▸ **Assignment**: Could you give back exactly the lines below from the one with "Okyeame Kwame Madeingh" through the one with "Chaise de camping//chaise", without a single picture?

▸ **The records**:
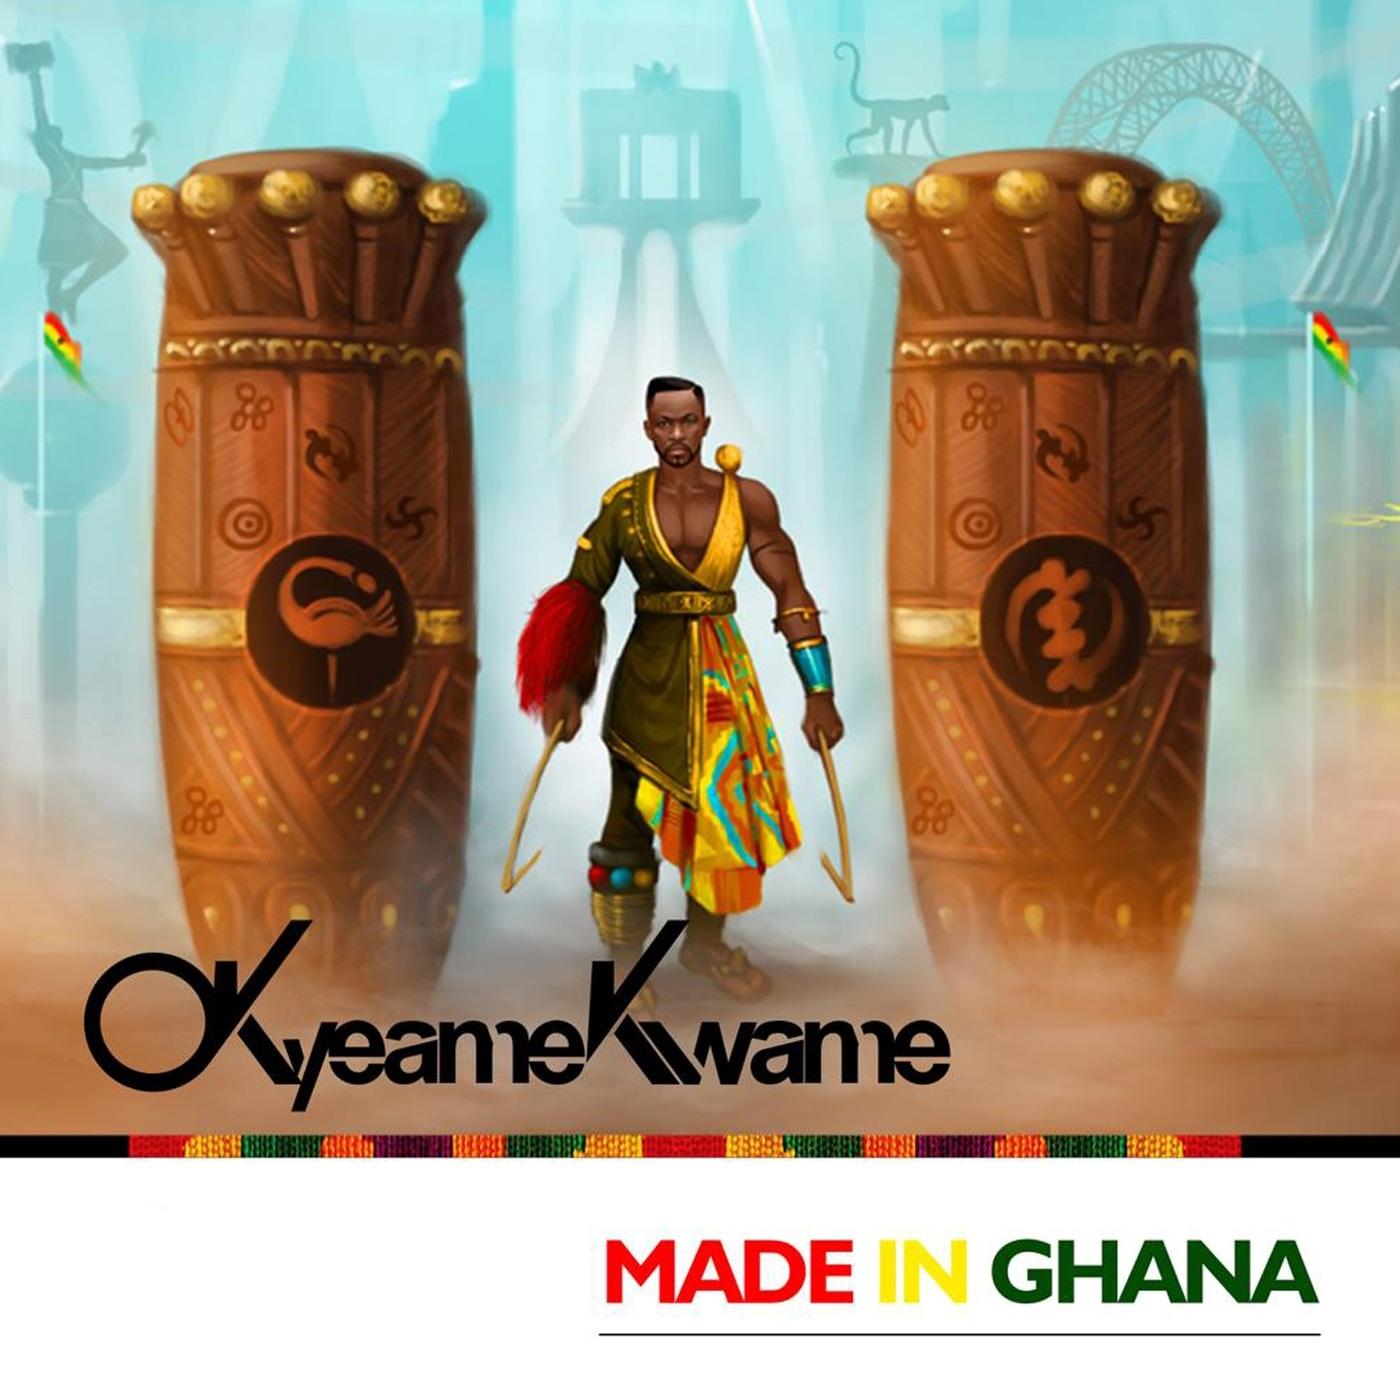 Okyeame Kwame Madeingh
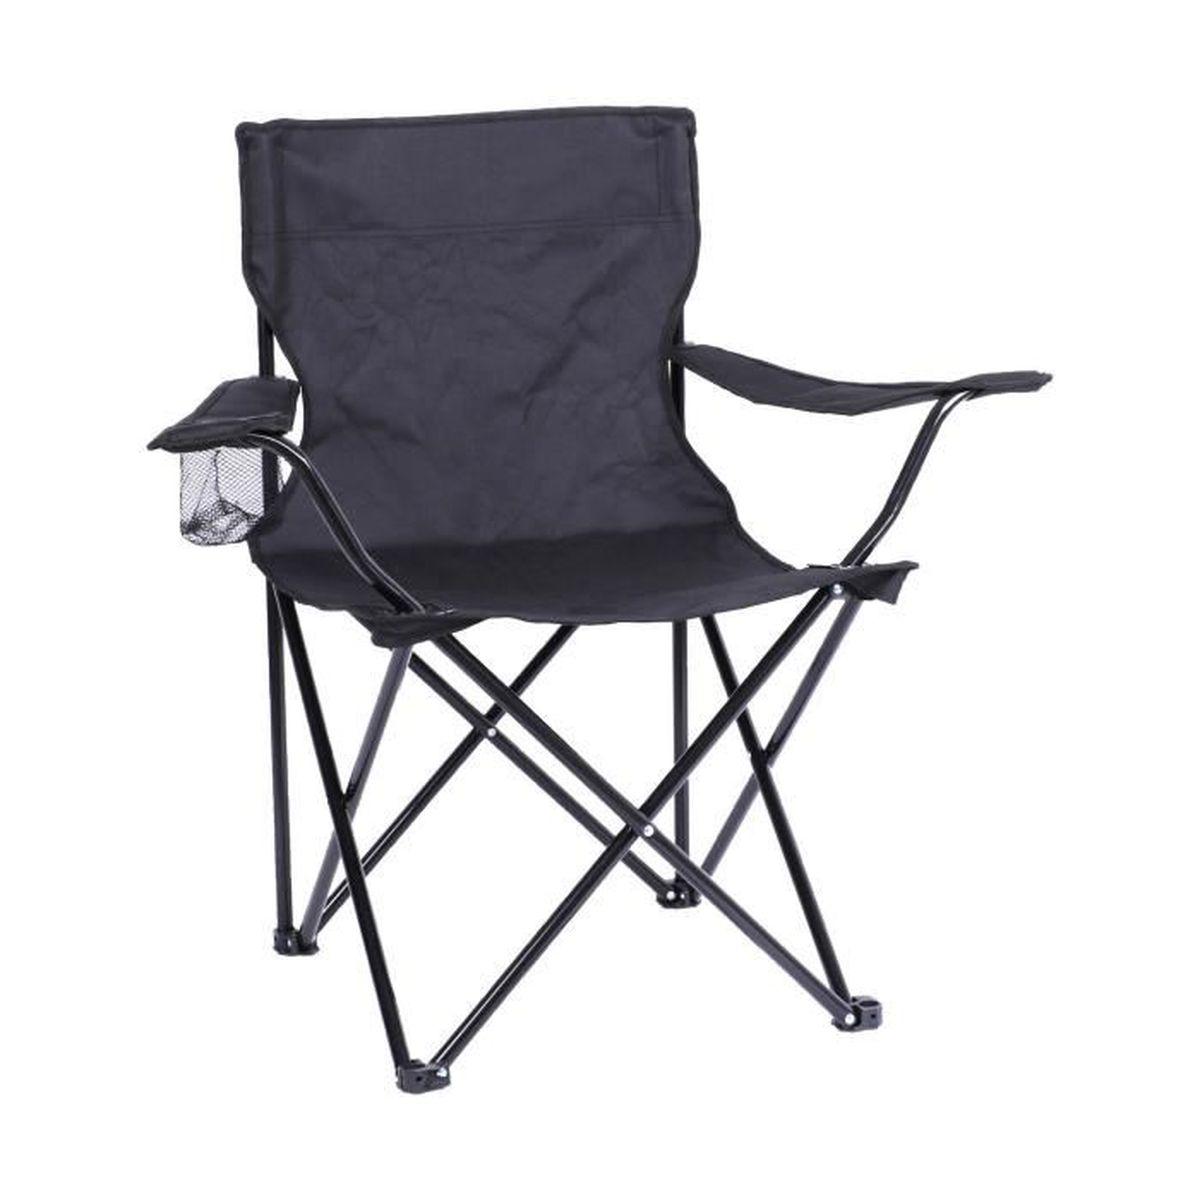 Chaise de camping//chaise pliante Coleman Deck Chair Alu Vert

==

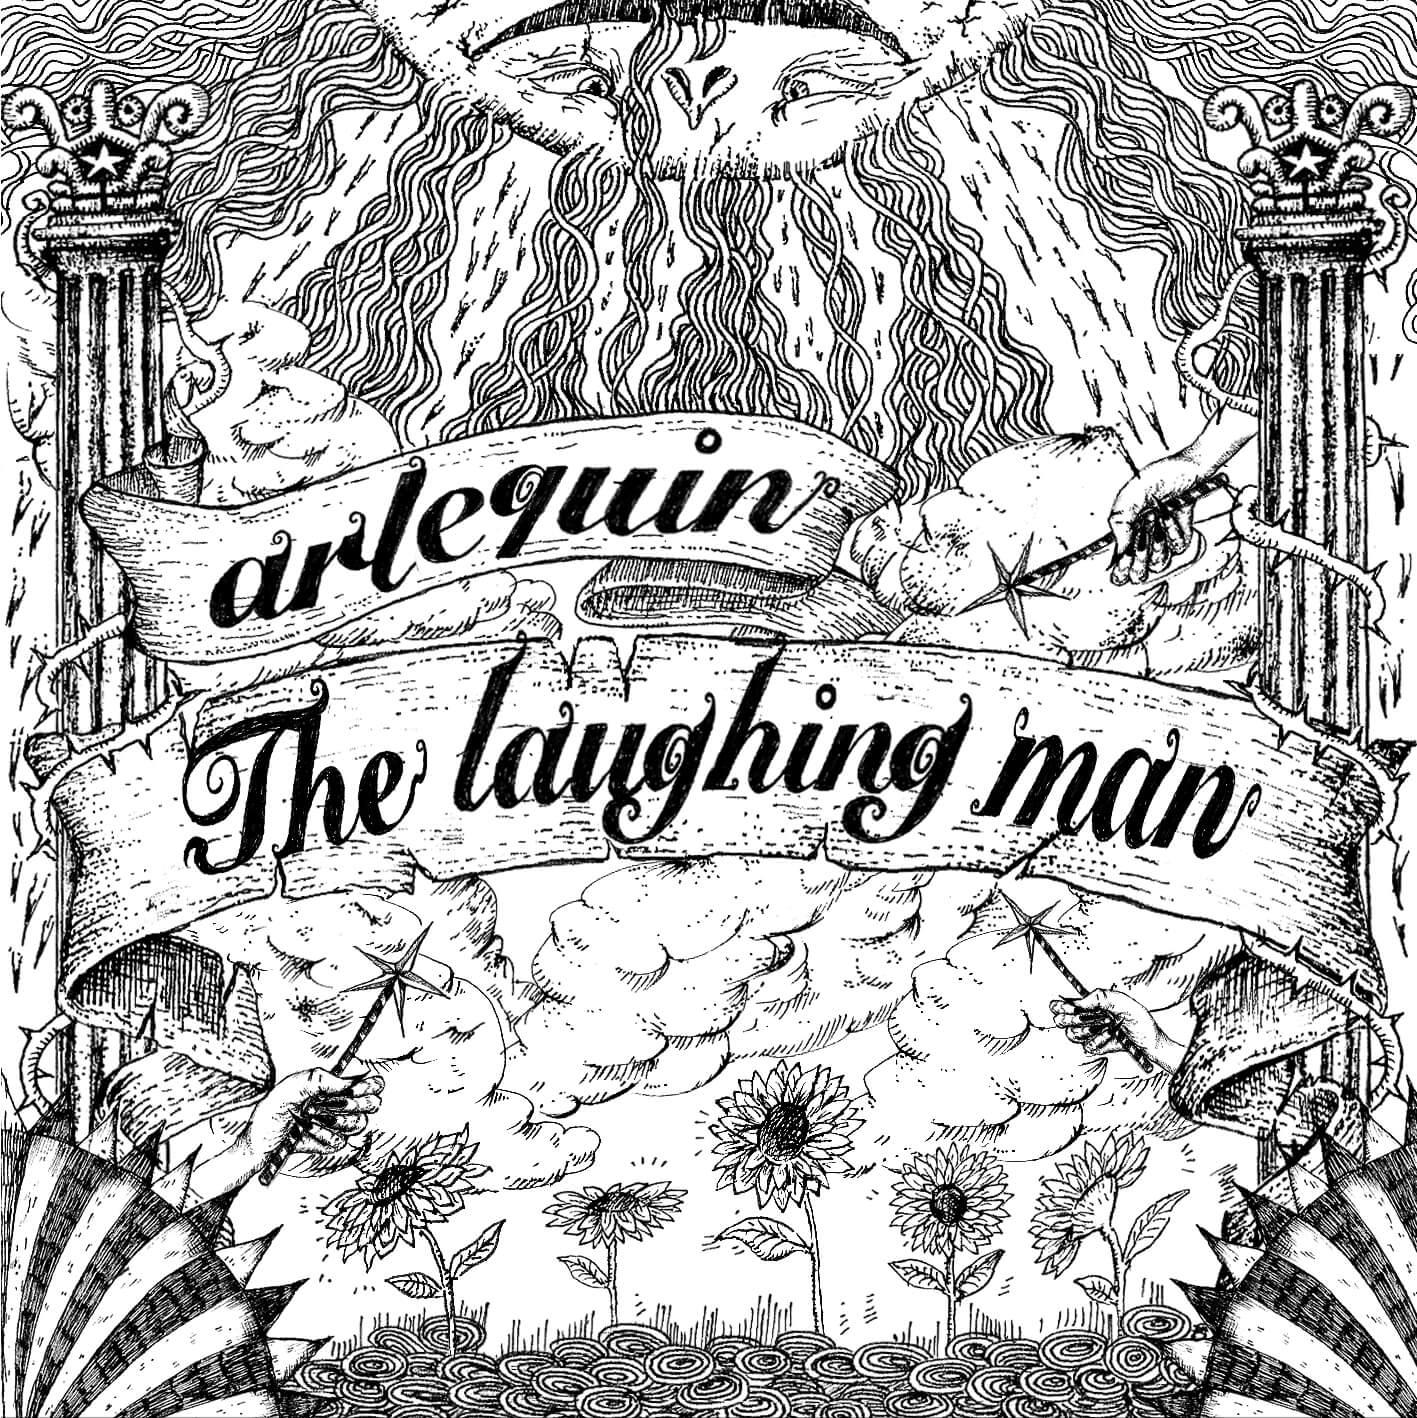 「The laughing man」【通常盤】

...

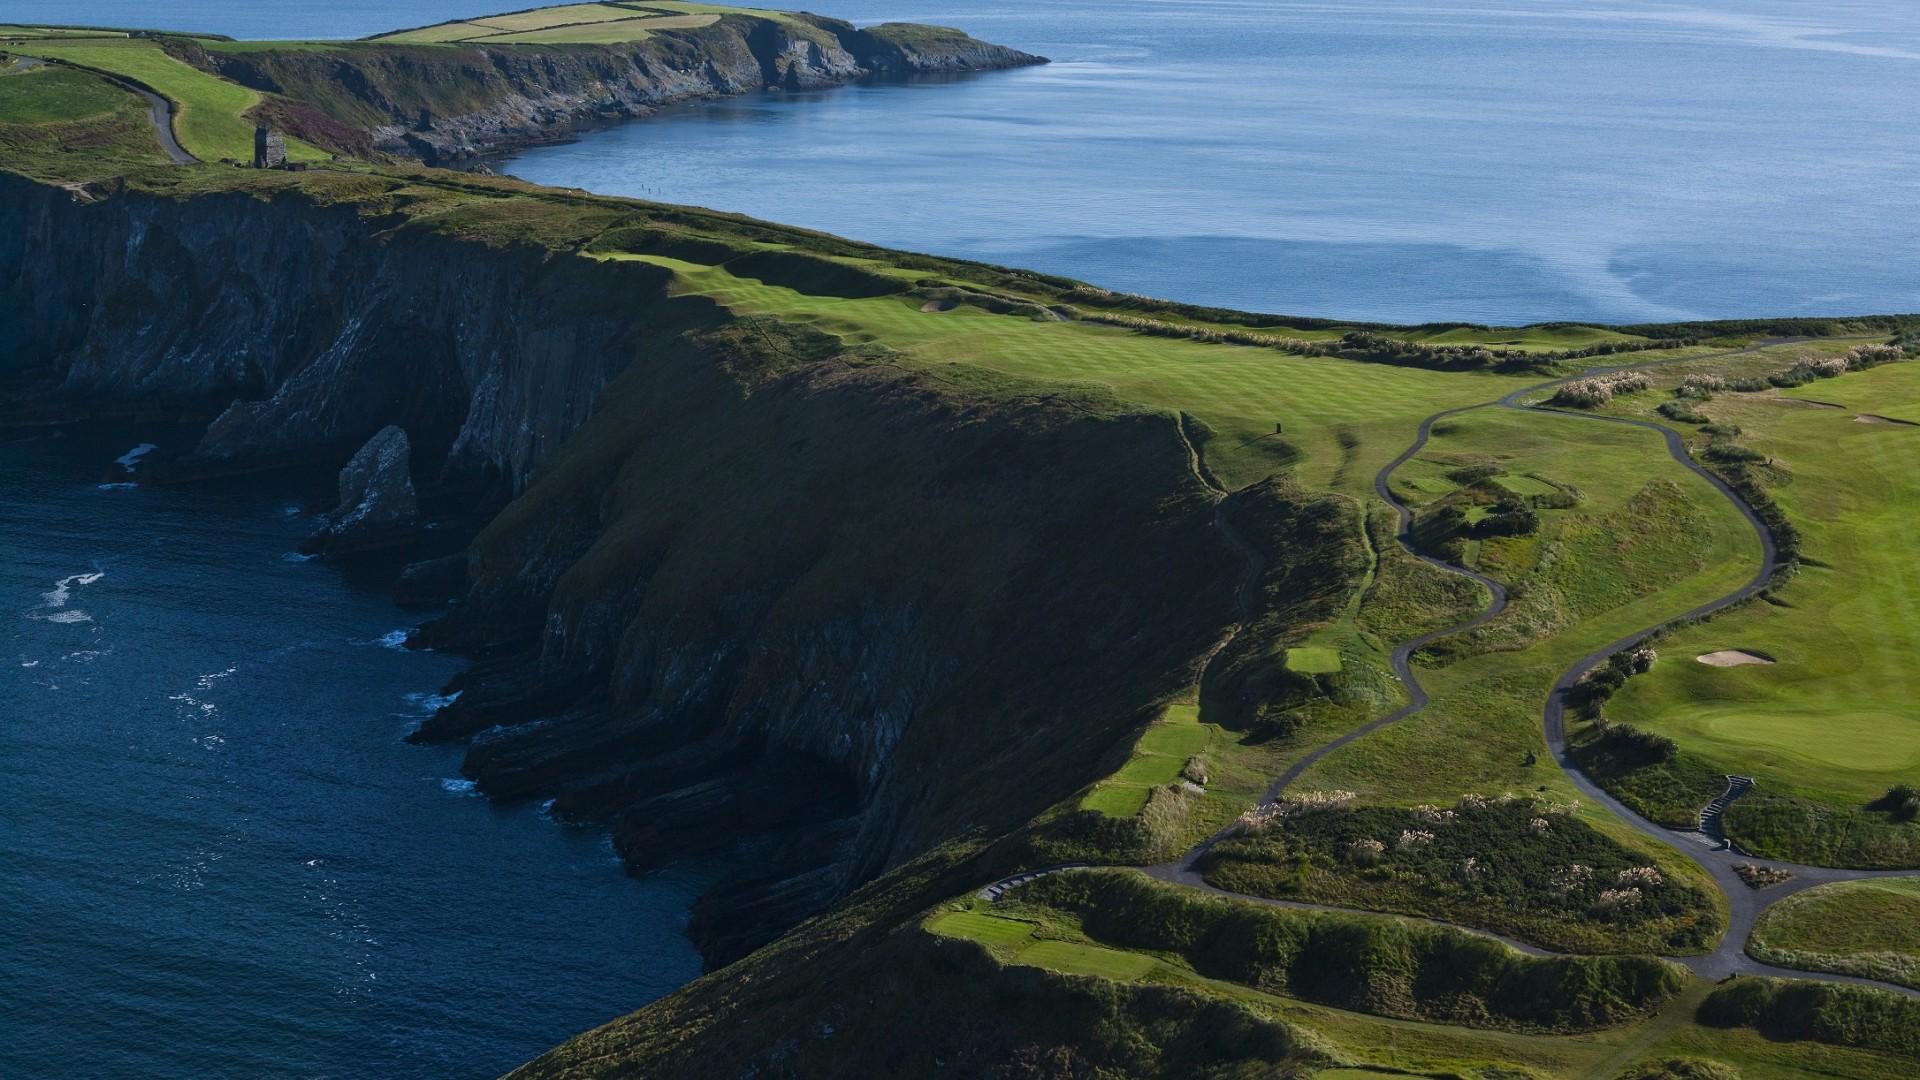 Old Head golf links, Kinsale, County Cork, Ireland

▸ **Your solution**:
 Okyeame Kwame Madeingh
 Chaise de camping//chaise pliante Coleman Deck Chair Alu Vert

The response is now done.